# Luke Baryshnikov



## spoowhisperer (Apr 26, 2010)

Luke Baryshnikov

His heart is in the Russian ballet in I believe.

Sometimes watching him is like watching the ballet, so beautiful.

Luke Baryshnikov by maryac58, on Flickr

Joy by maryac58, on Flickr

Just so beautiful by maryac58, on Flickr

Playing frisbee is one way we like to have fun, and Luke obviously loves it!


----------



## all that jazz (Feb 6, 2011)

Beauty in Motion!


----------



## Dallasminis (Feb 6, 2011)

Who is this amazing dancer of a dog........?


----------



## Ruth (Nov 18, 2010)

Wow, he does look like he's dancing! I love it!! He's gorgeous! :love2:


----------



## faerie (Mar 27, 2010)

great capture!


----------



## Chagall's mom (Jan 9, 2010)

Luke sure makes my heart dance!
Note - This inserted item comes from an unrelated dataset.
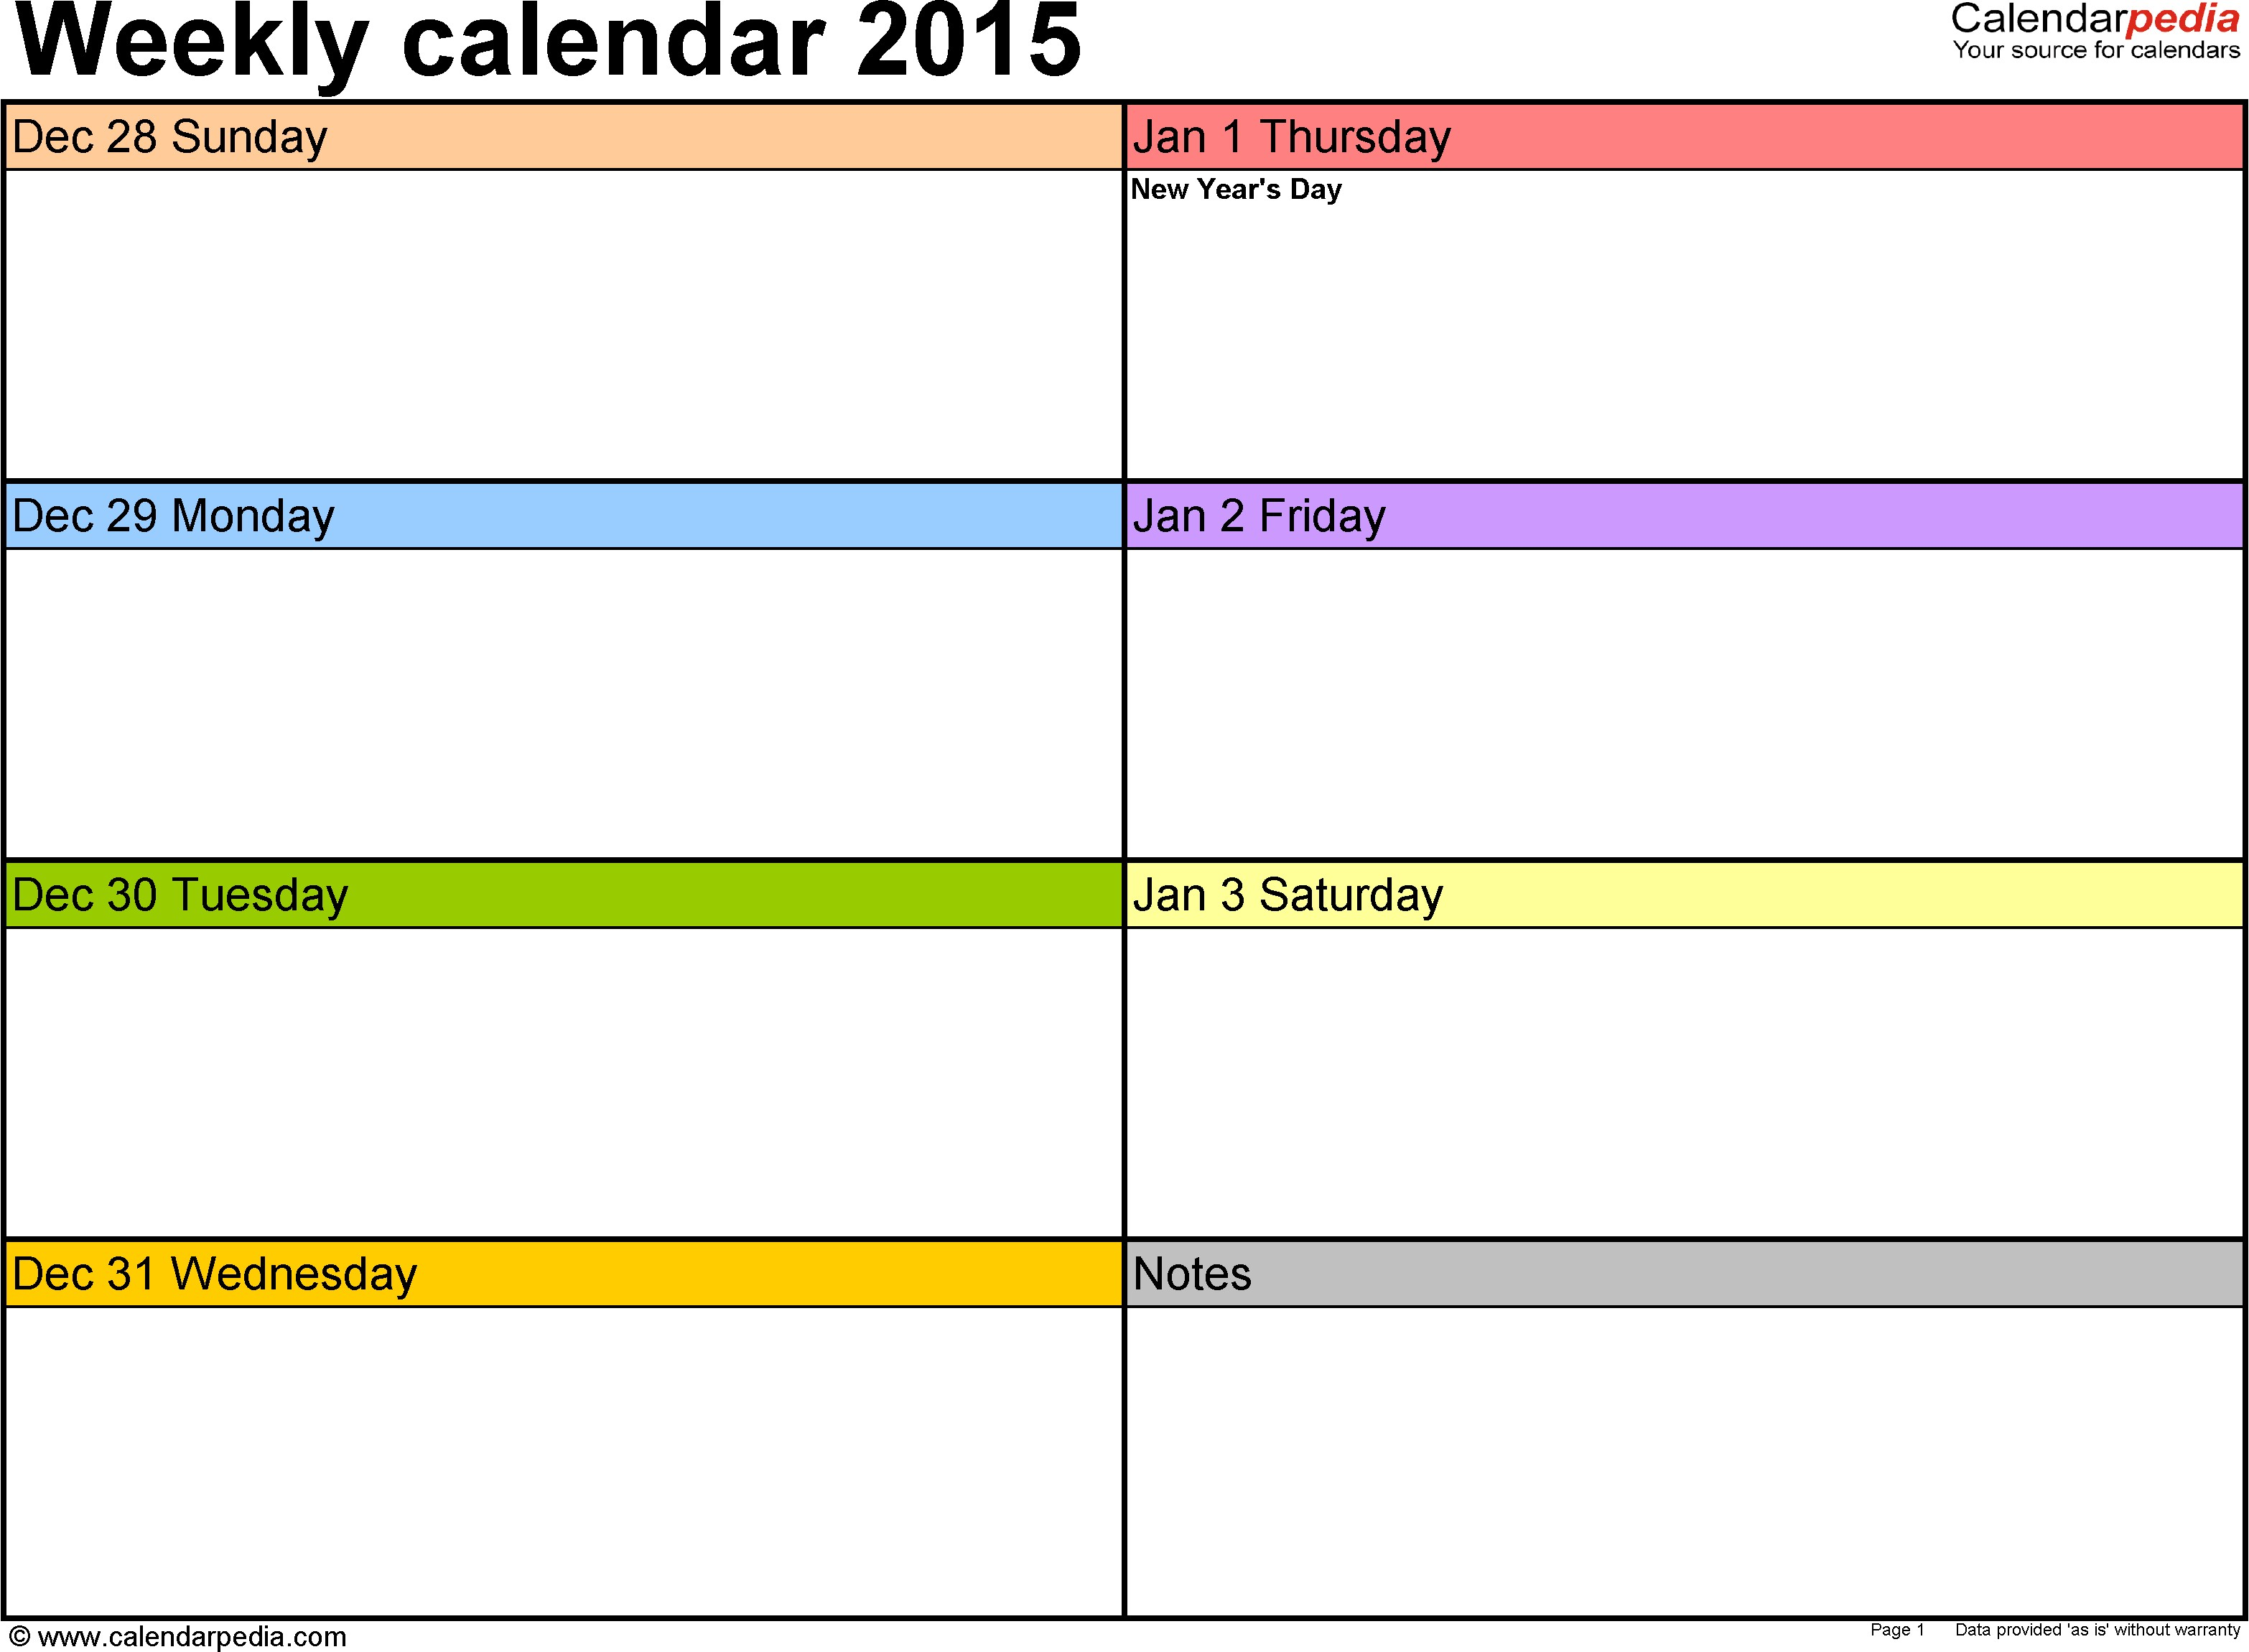 Printable One Week Calendar Weekly Calendar 2015 for Pdf 12 Free Printable Templates

I do believe the Frisbee was invented just for him, just as the camera was for you. WOW, if your photos don't make a person's heart leap, they ought to checked for a pulse.


----------



## Quossum (Mar 18, 2011)

Super pics! That's wallpaper material right there!

--Q


----------



## Pamela (Sep 9, 2008)

awesome!!!!


----------



## cliffdweller (Jan 31, 2011)

Wonderful ! Beautiful photos and dog !


----------



## pudel luv (Jan 23, 2010)

Having a ballet background, I can really appreciate Luke's moves ...

Now, let's see if he can do a tour jete' :dance:

The balletic movements in poodles is so captivating 
and being the audience is never dull.

WONDERFUL shots !


----------



## EmilyK (Mar 26, 2011)

Gorgeous!!!


----------



## ArreauStandardPoodle (Sep 1, 2009)

He is graceful and elegant even when he is playing. Lovely photos!


----------



## Panda (Jan 7, 2010)

Great pictures, luke looks like he is having great fun! Panda always feels the need to add a spin to everything he does so when he jumps to catch his ball/frisbee he tries to spin while jumping lol


----------



## sandooch (Jan 20, 2011)

That second picture of him is just breathtaking! ♥


----------



## Ms Stella (Aug 16, 2010)

He is a handsome guy for sure..great photography! Thanks for sharing..is her yours?


----------



## spoowhisperer (Apr 26, 2010)

Ms Stella said:


> He is a handsome guy for sure..great photography! Thanks for sharing..is her yours?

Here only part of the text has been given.